Also note that the input capacitance ESR is effectively in series with the input and hence contributes to efficiency losses related to IRMS2 * ESR of the input capacitor.
MOSFET Selection
The ZXRD1000 family can be configured in circuits where either N or P channel MOSFETs are employed as the main switch. If an N channel device is used, the corresponding N phase controller must be chosen. Similarly, for P channel main switch a P phase controller must be used. The ordering information has a clear identifier to distinguish between N and P phase controllers.

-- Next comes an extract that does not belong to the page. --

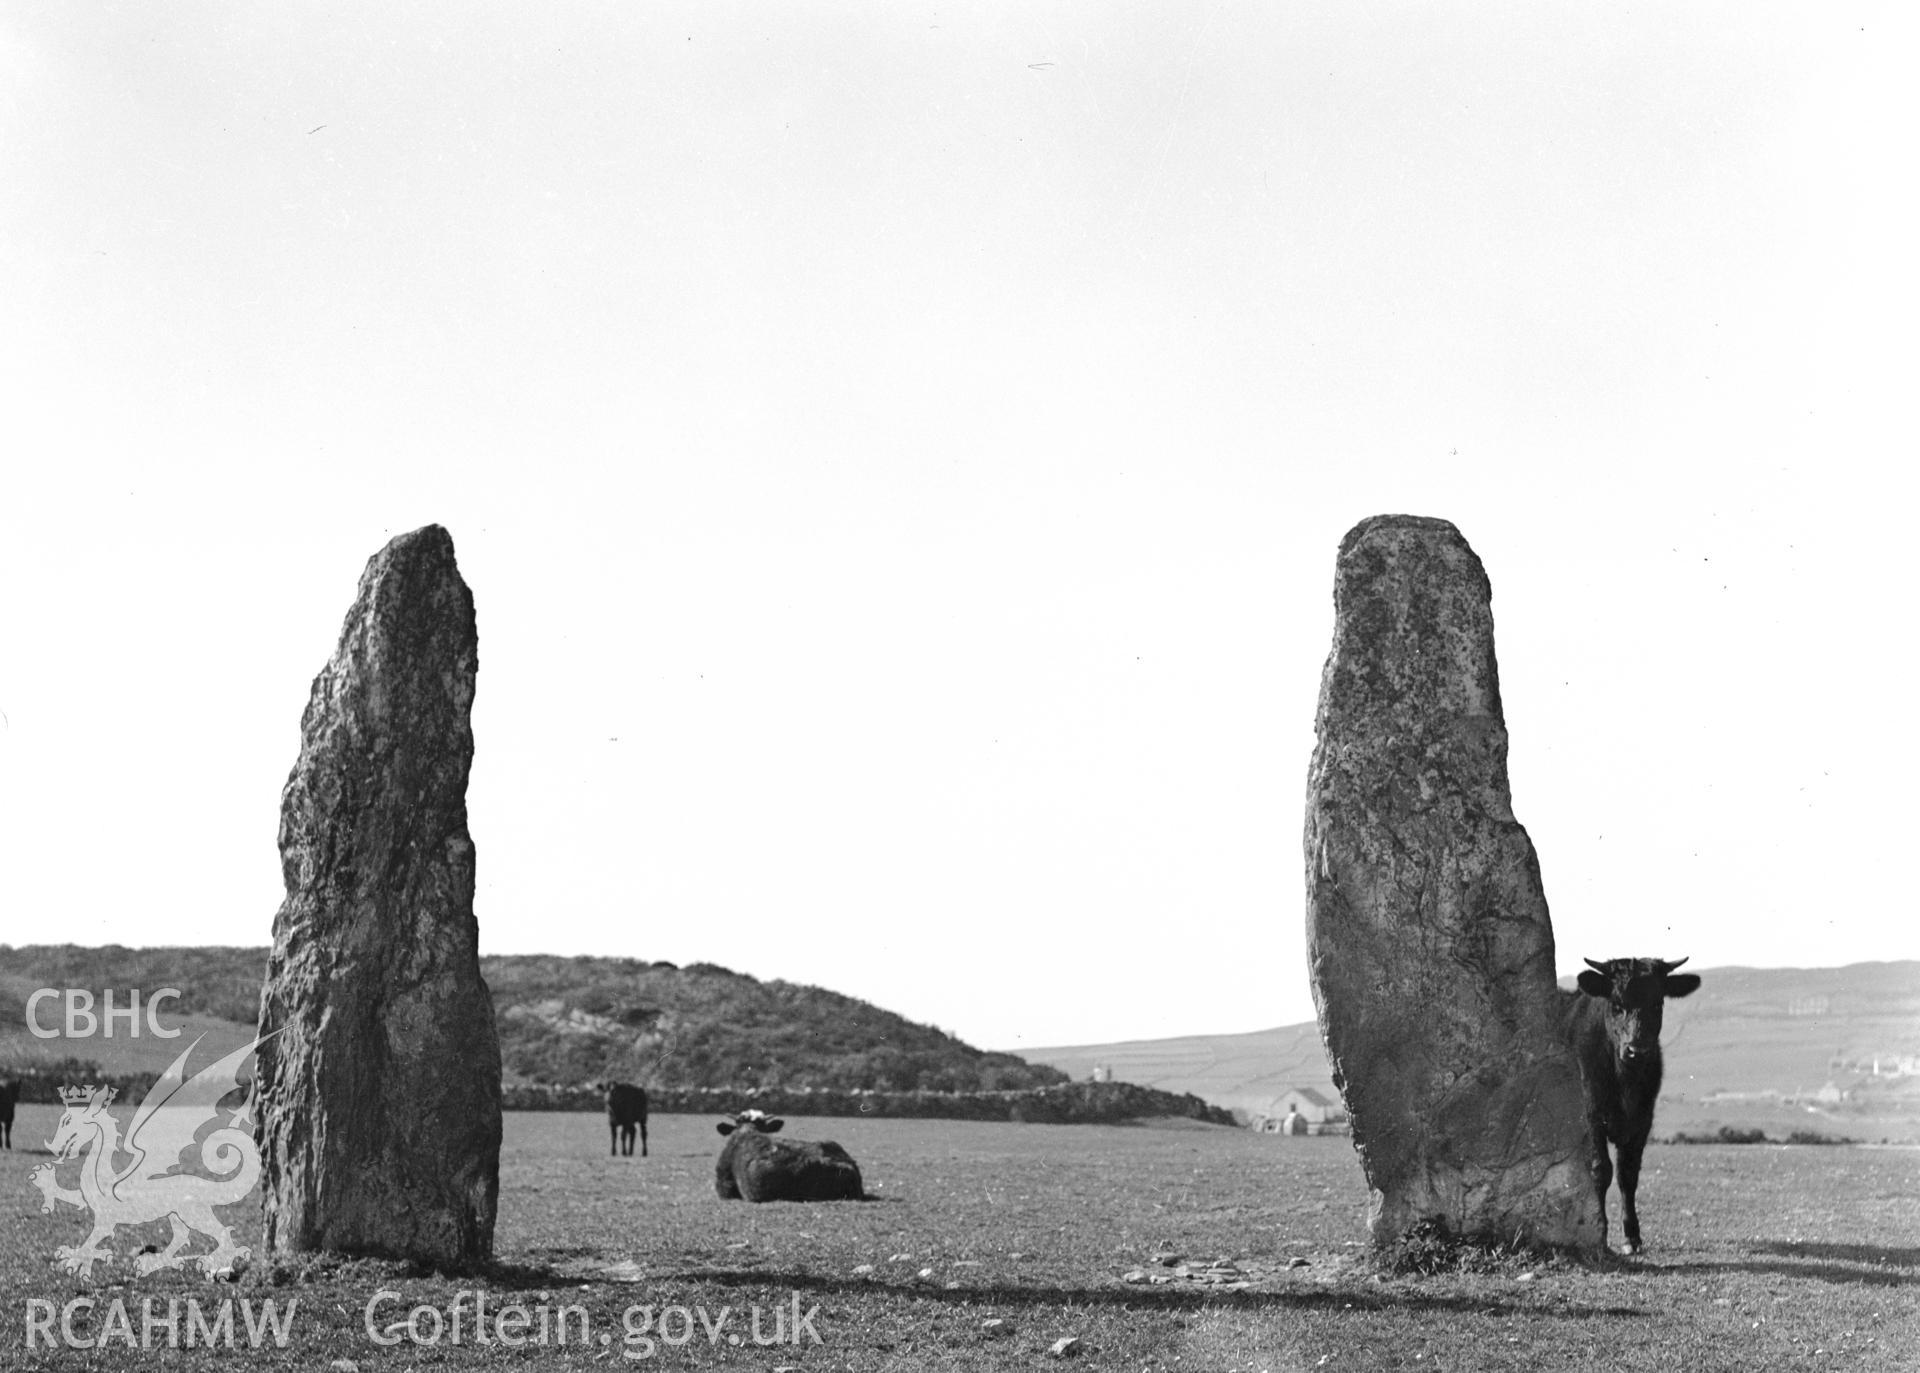 General view of stones with cattle.

The MOSFET selection is subject to thermal and gate drive considerations. Care also has to be taken to allow for transition losses at high input voltages as well as RDS(ON) losses for the main MOSFET . It is recommended that a device with a drain source breakdown of at least 1.2 times the maximum VIN should be used.
For optimum efficiency , two N channel low RDS(on) devices are required. MOSFETs should be selected with the lowest RDS(ON) consistent with the output current required. As a guide, for 3-4A output, <50mΩ devices would be optimum, provided the devices are low gate threshold and low gate charge. Typically look for devices that will be fully enhanced with 2.7V VGS for 4-5A capability.

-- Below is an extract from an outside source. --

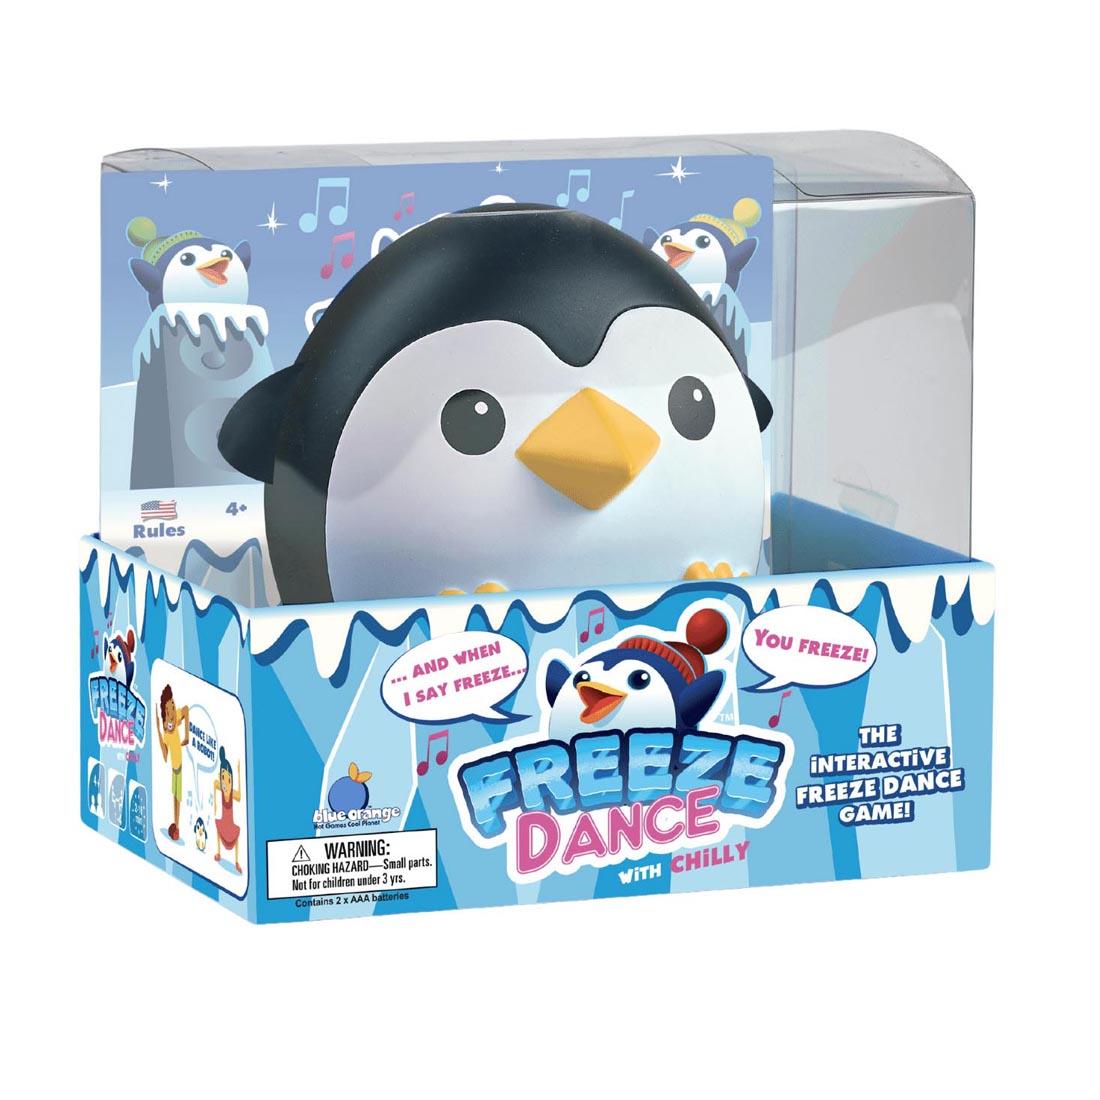 Freeze Dance With Chilly Game in package

Zetex offers a range of low RDS(ON)logic level MOSFETs which are specifically designed with DC-DC power conversion in mind. Packaging includes SOT23, SOT23-6 and MSOP8 options. Ideal examples of optimum devices would be Zetex ZXM64N03X and ZXM64N02X (N channel). Contact your local Zetex office or Zetex web page for further information.
ISSUE 4 - OCTOBER 2000 |
7 |
ZXRD1000 SERIES
Applications (continued)
Inductor Selection
The inductor is one of the most critical components in the DC-DC circuit.There are numerous types of devices available from many suppliers. Zetex has opted to specify off the shelf encapsulated surface mount components, as these represent the best compromise in terms of cost, size, performance and shielding.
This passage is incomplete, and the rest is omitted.